Below are entries; output exactly the lines from the one with "Broadoaks School Of" to the one with "AFC : Conférence", both included, and nothing else.
[DATA LISTING Boundary: Start]
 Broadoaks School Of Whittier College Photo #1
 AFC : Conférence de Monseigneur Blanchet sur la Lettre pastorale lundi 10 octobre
[DATA LISTING Boundary: End]
[DATA LISTING Boundary: Start]
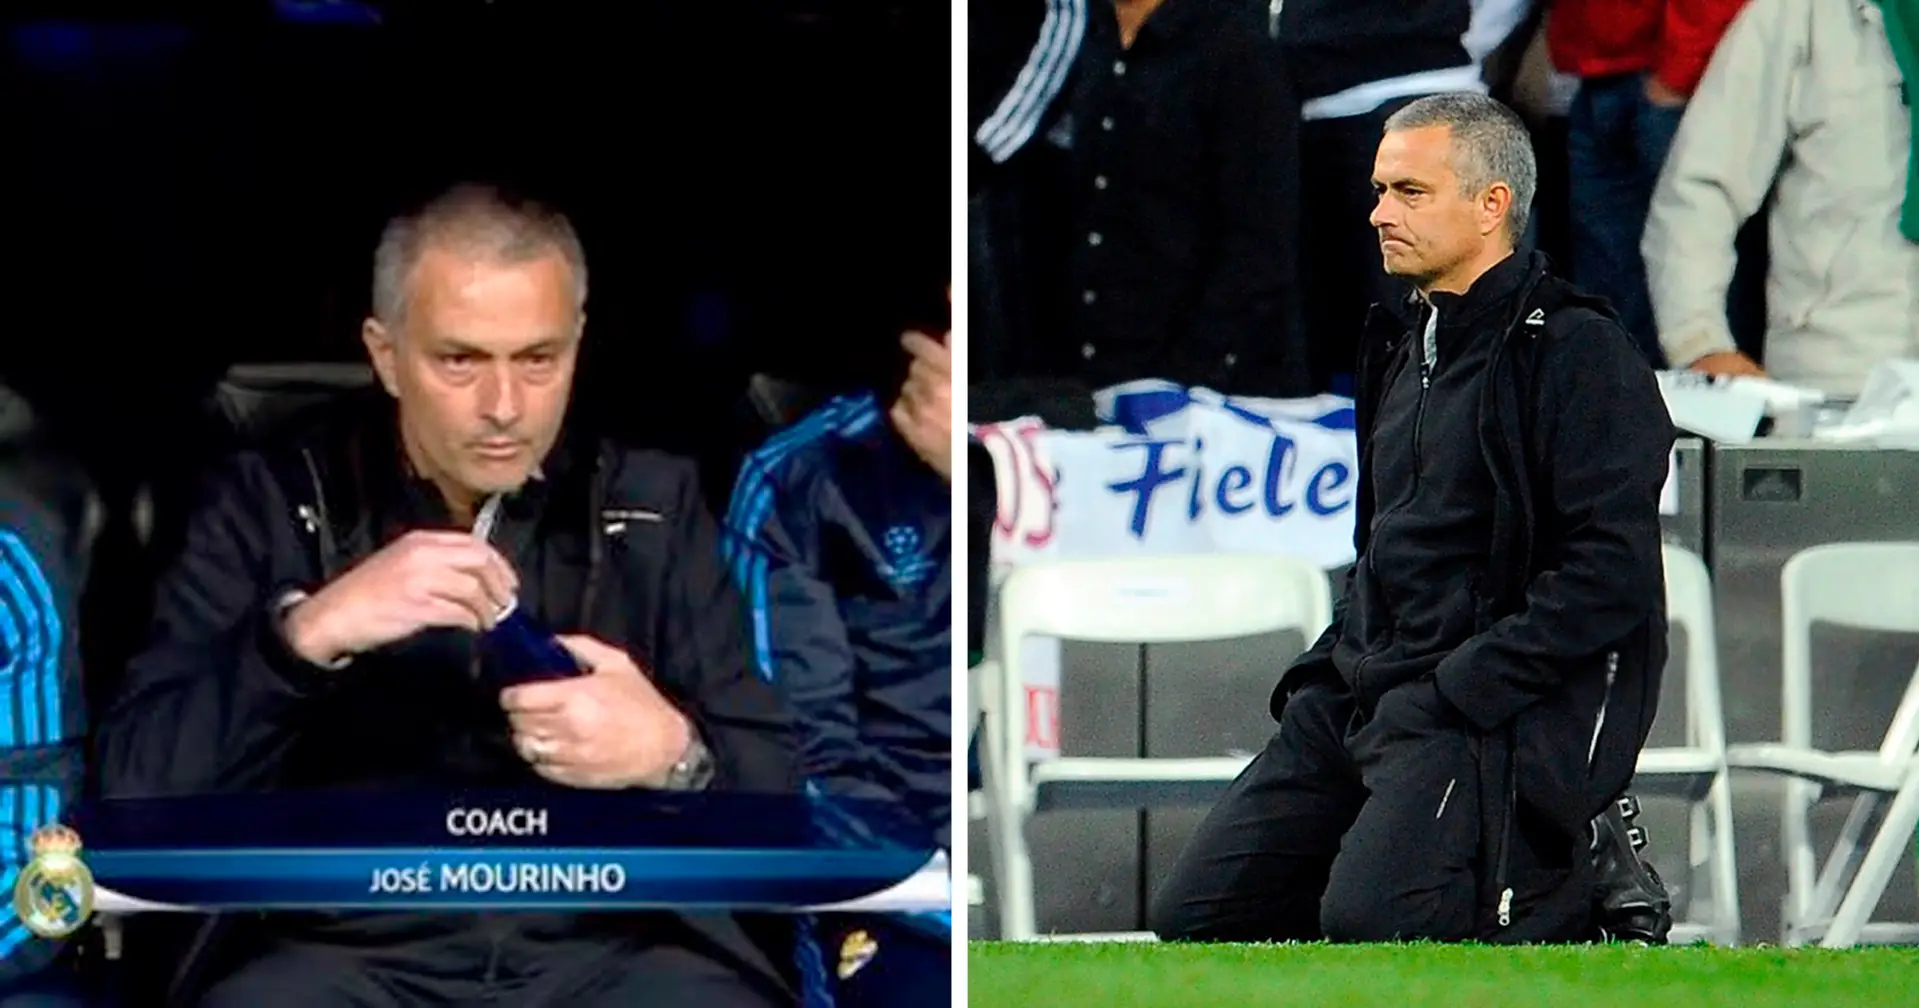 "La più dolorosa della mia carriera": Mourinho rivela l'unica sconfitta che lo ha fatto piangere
[DATA LISTING Boundary: End]
[DATA LISTING Boundary: Start]
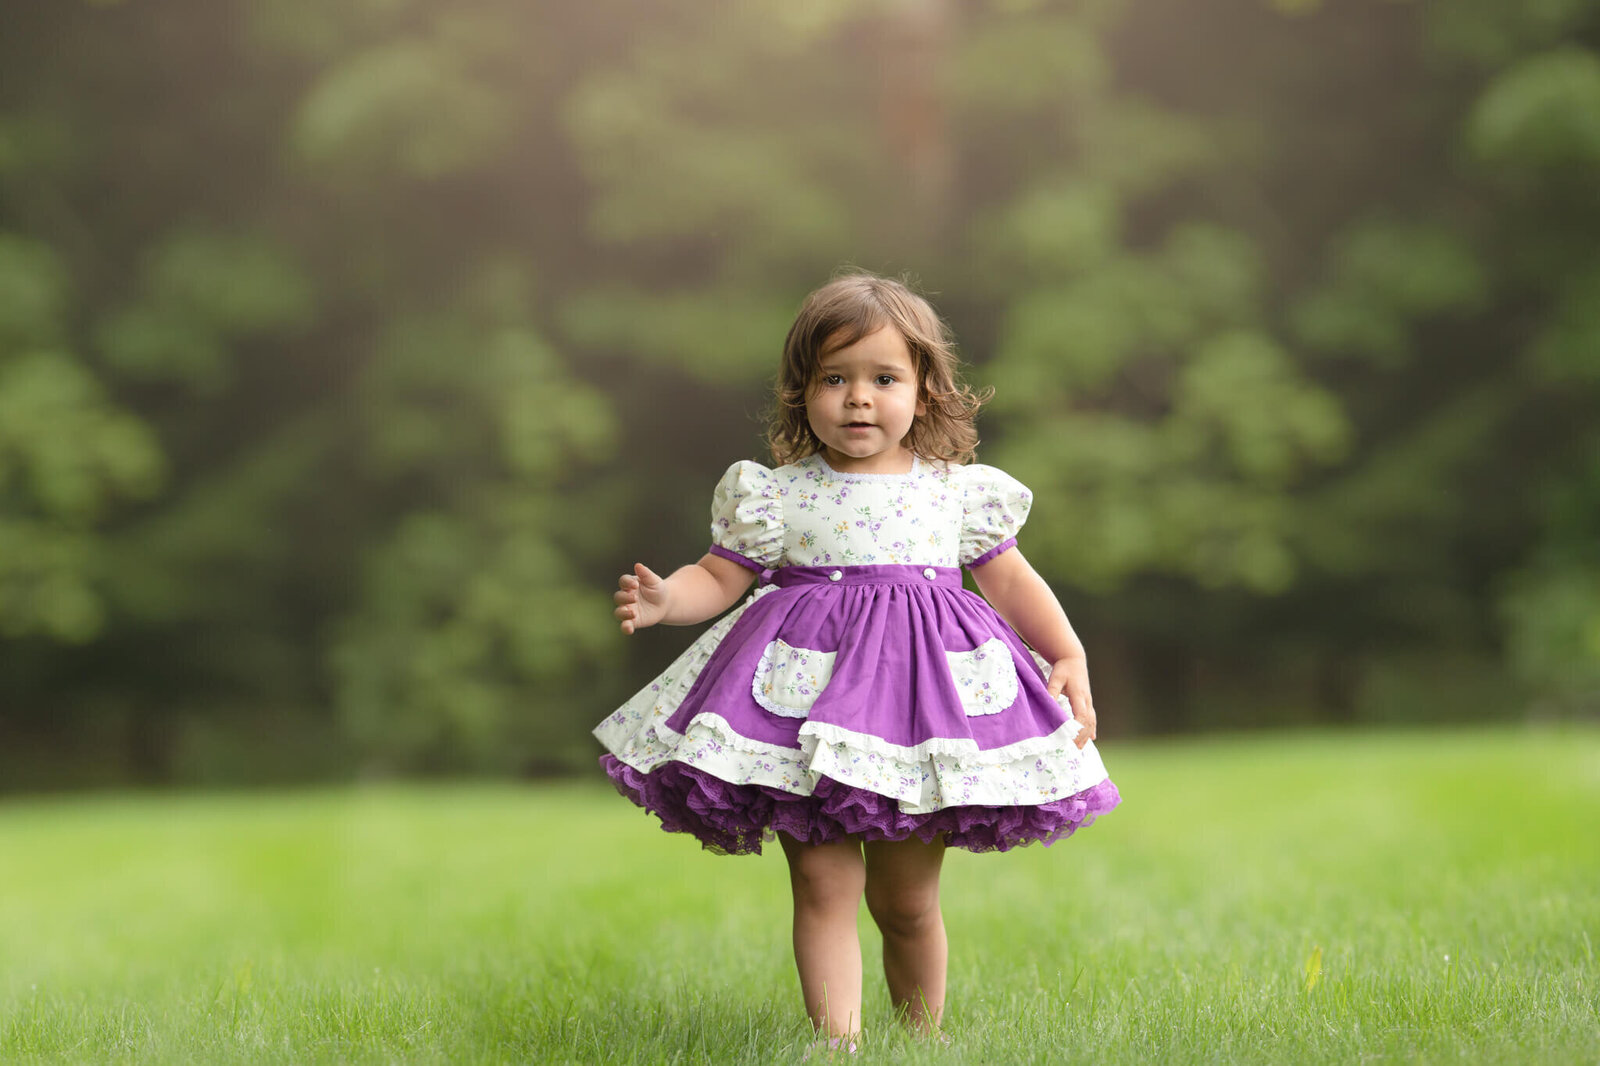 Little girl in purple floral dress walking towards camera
[DATA LISTING Boundary: End]
WORKED SOLUTION -
 Broadoaks School Of Whittier College Photo #1
 AFC : Conférence de Monseigneur Blanchet sur la Lettre pastorale lundi 10 octobre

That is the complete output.